Actualmente todos los edificios de obra nueva deben disponer de ascensor y, en general, estar adaptados a las diversas necesidades de movilidad. Sin embargo es muy frecuente encontrar edificios antiguos que no están adaptados a estos requerimientos, y precisamente de ello se deriva para muchas personas la duda de si las comunidades de propietarios están obligadas a la instalación de un ascensor. La respuesta a esta cuestión dependerá de varios factores, que analizamos a continuación.

Con carácter general, en lo que respecta a los elementos comunes del edificio es la comunidad de propietarios la obligada a realizar las obras necesarias para garantizar el cumplimiento de los requisitos de seguridad, habitabilidad y accesibilidad universal, obligación que se hace extensiva a las obras encaminadas a suprimir barreras arquitectónicas y a mejorar la accesibilidad siempre que tengan la consideración de ajuste razonable.

De conformidad con el Real Decreto Legislativo 1/2013 de 29 de noviembre, por el que se aprueba el Texto Refundido de la Ley General de derechos de las personas con discapacidad y de su inclusión social, se considera ajuste razonable la modificación o adaptación necesaria y adecuada del ambiente físico y social a las necesidades específicas de las personas con discapacidad que no impongan una carga desproporcionada o indebida, cuando se requieran en un caso particular de manera eficaz y práctica, para facilitar la accesibilidad y para garantizar a las personas con discapacidad el ejercicio de todos los derechos en igualdad de condiciones con los demás.

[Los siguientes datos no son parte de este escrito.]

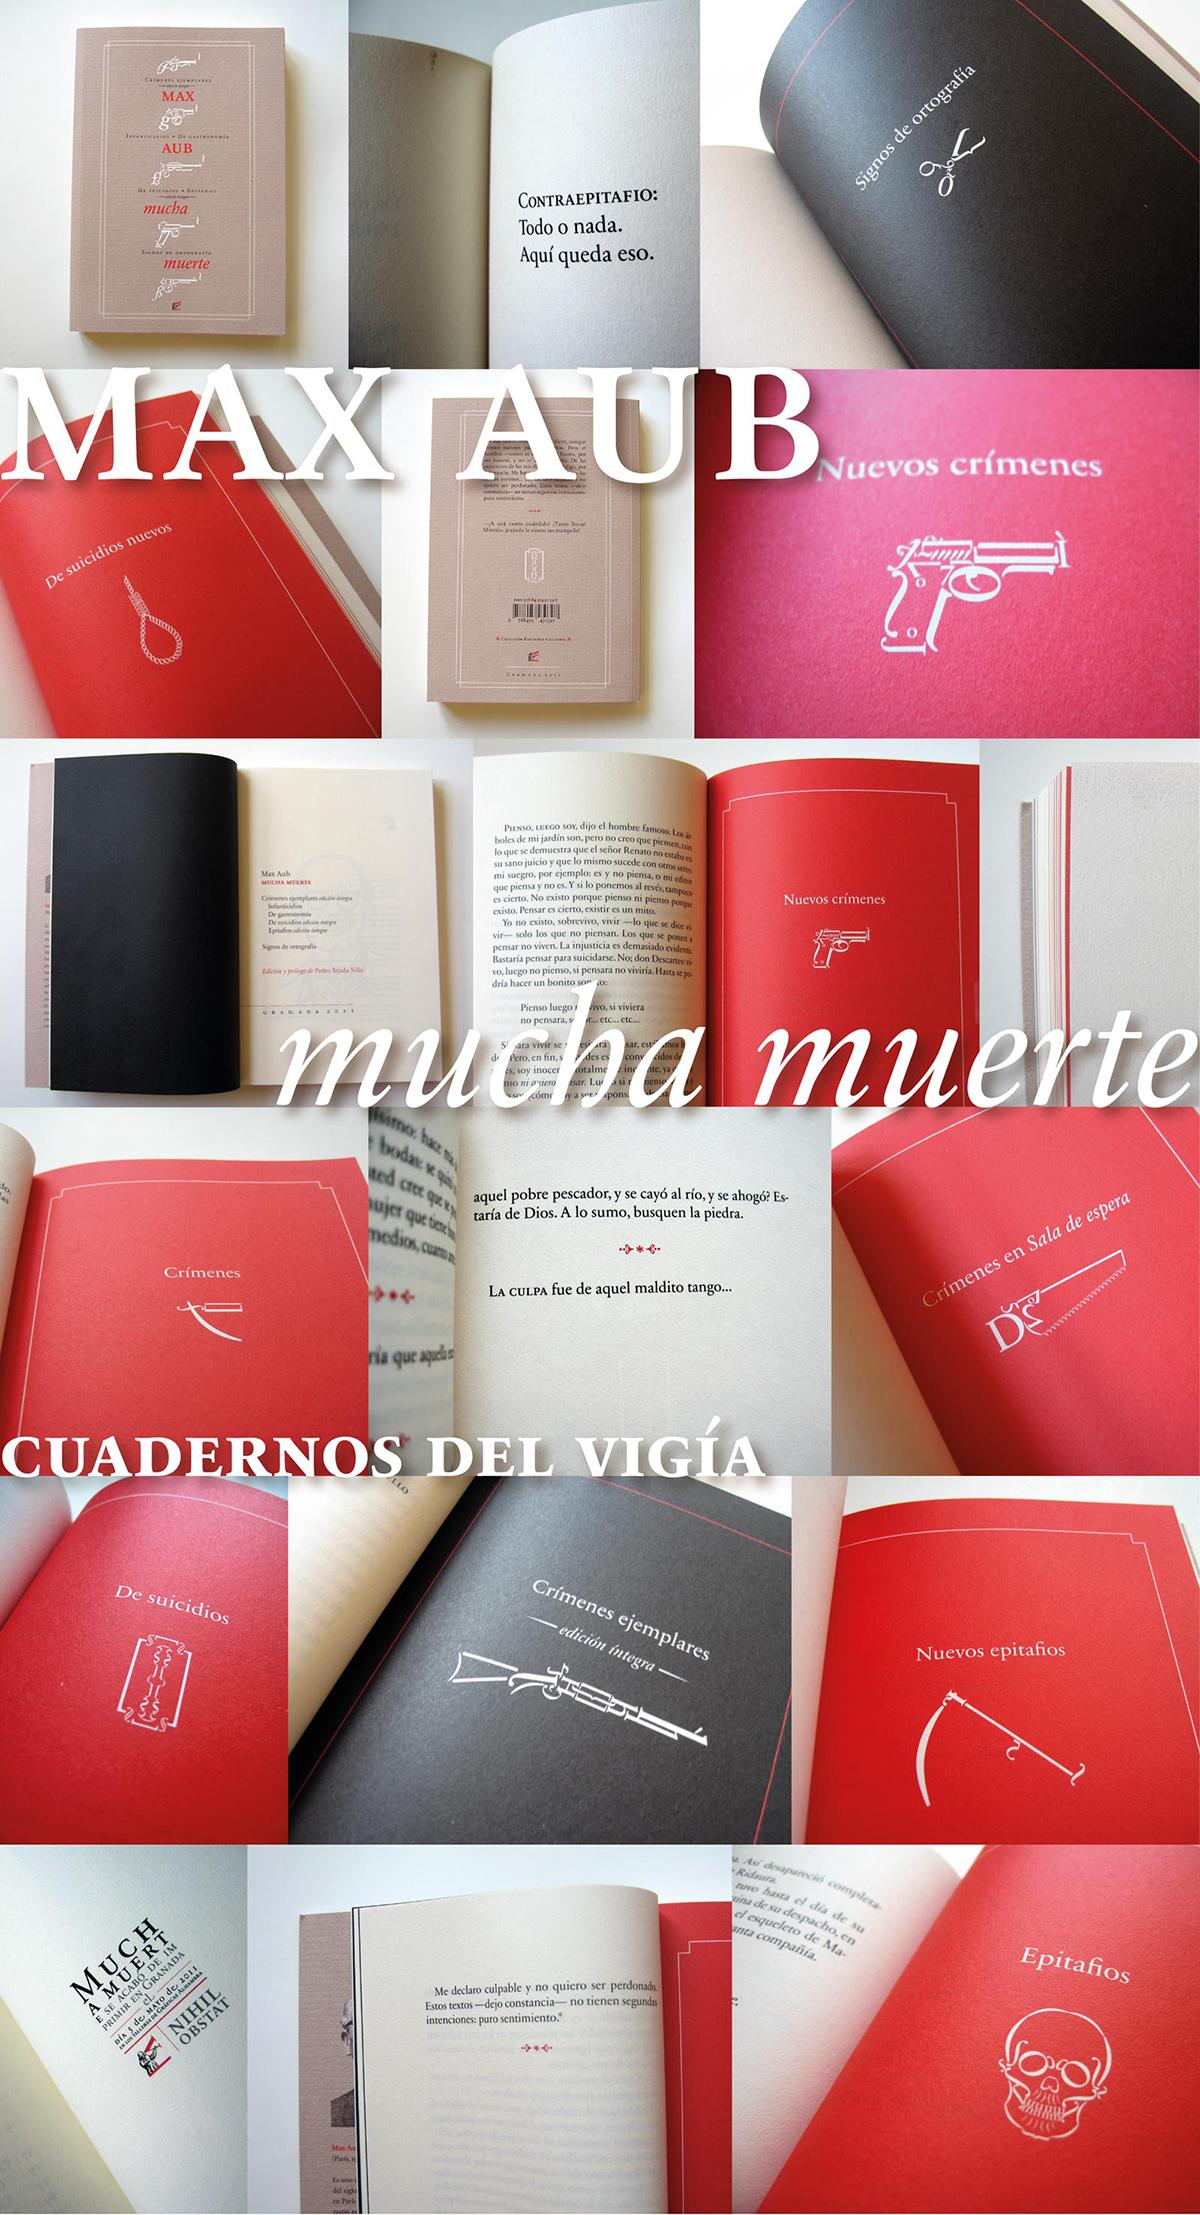 maxaub_poster_muchamuerte

La Ley de Propiedad Horizontal se encarga de aclarar, por medio de su artículo 10.1.b), que en cualquier caso tienen la condición de ajustes razonables las obras y actuaciones en materia de accesibilidad universal que sean requeridas por un propietario en cuya vivienda vivan personas con discapacidad, entendiendo como tal aquellas que tengan reconocido un grado de discapacidad igual o superior al 33% por el organismo competente, o mayores de 70 años, siempre que el importe repercutido anualmente de las mismas, una vez descontadas las ayudas públicas o subvenciones, no exceda de las doce mensualidades ordinarias de gastos comunes. Es decir, bastará que uno de los propietarios con alguna de las cualidades indicadas solicite la instalación del ascensor, sin que sea necesario que la Junta de Propietarios adopte acuerdo alguno por mayoría.

Es importante señalar que aun cuando se supere dicho límite económico de doce mensualidades ordinarias de las cuotas, la Comunidad quedará quedando obligada a ejecutar las obras siempre que el propietario interesado se allane a soportar el sobrecoste de la instalación respecto de dicho límite. Además, esta previsión legal no excluye la posibilidad de que el propietario afectado inste la acción oportuna ante los tribunales y éstos determinen que, pese a superarse el referido límite económico, atendiendo a las circunstancias del caso concreto las obras constituyan un ajuste razonable y, por tanto, vengan obligados todos los propietarios a contribuir al sostenimiento de los trabajos de ejecución de dichas obras.

Sin perjuicio de todo lo expuesto, la Junta de Propietarios podrá acordar por mayoría la realización de obras de accesibilidad o supresión de barreras, y que todos los propietarios contribuyan a sufragar los gastos derivados de las mismas.

Por último, si bien nos hemos referido en este artículo al concreto supuesto de instalación de ascensores, lo anteriormente expuesto sería válido también para otras obras de accesibilidad, como la instalación de rampas de acceso, la reforma del portero automático y la adecuación de la anchura de la puerta del bloque para permitir el acceso, rotación y salida de sillas de ruedas.